Shout-Africa News – The lobby group AfriForum will meet with a senior legal team this week to decide on legal steps against the South African government in response to the latter’s neglect to protect the lives and property of South Africans in Zimbabwe. On 9 June 2010, AfriForum served a lawyer’s letter to the Department of Trade and Industry to demand that the South African government should intervene urgently to protect citizens in Zimbabwe.
There was no response to AfriForum’s letter to the Department was given time to midnight, 15 June 2010.

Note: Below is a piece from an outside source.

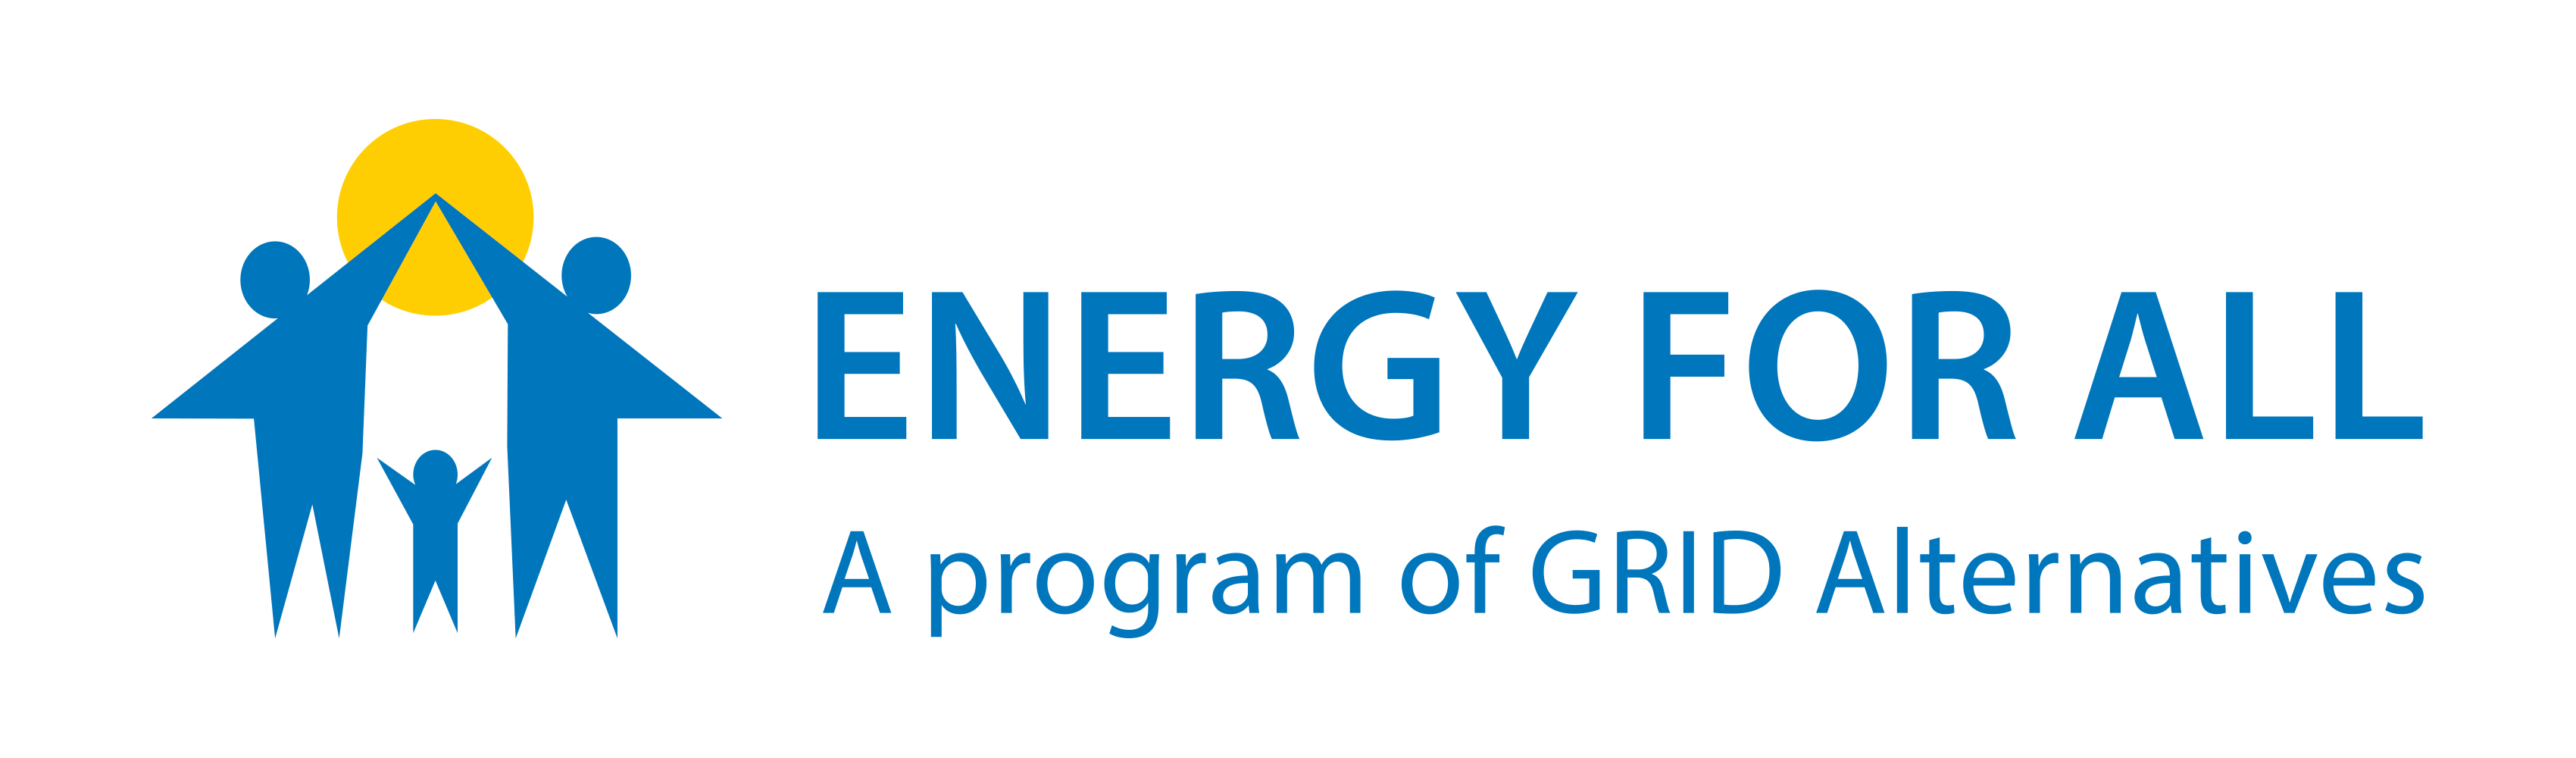 ロゴ、Energy For Allは、GRID Alternativesのプログラム、太陽の後ろで子供をハイタッチするXNUMX人の親のイラストを言います
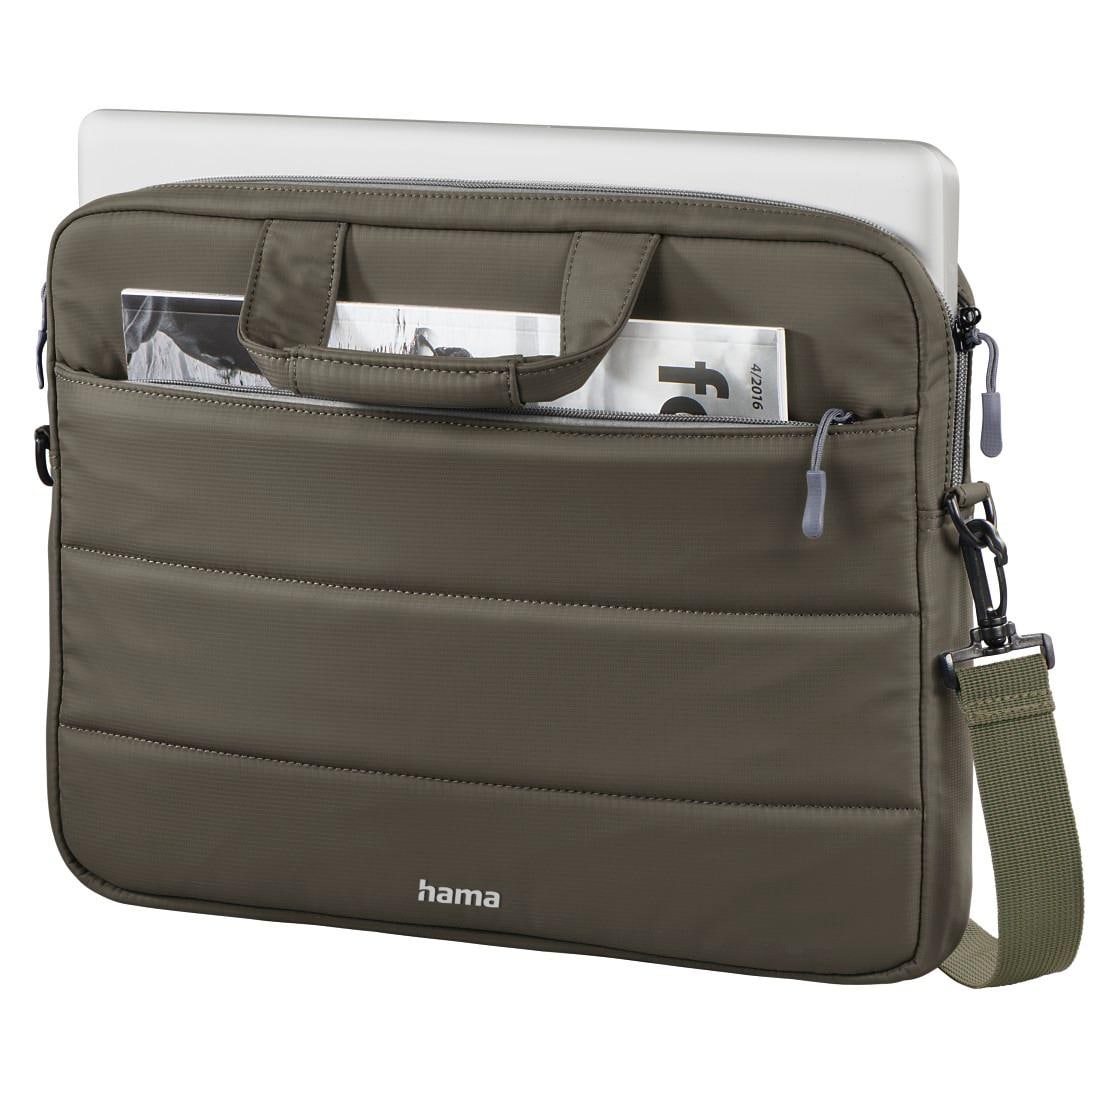 Hama Laptoptasche »Notebook Tasche bis 34 cm (13,3 Zoll) aus Nylon, eleganter Look«, Mit Tablet- und Dokumentenfach, Organizerstruktur und Trolleyband

This step followed after several South Africans farming in Zimbabwe had become subject to renewed, exacerbated onslaughts of land grabbers. In terms of the settlement reached between AfriForum and the South African government re the BIPPA Trade Agreement, formalised as a court order by the Gauteng North High Court in Pretoria in November 2009, the South African government undertook to maintain the rights and remedies of victims of Zimbabwe’s illegal land expropriation programme. In terms of the Minister’s affidavits for the case, as well as the subsequent court order, South Africans have a right to protection as defined by this agreement.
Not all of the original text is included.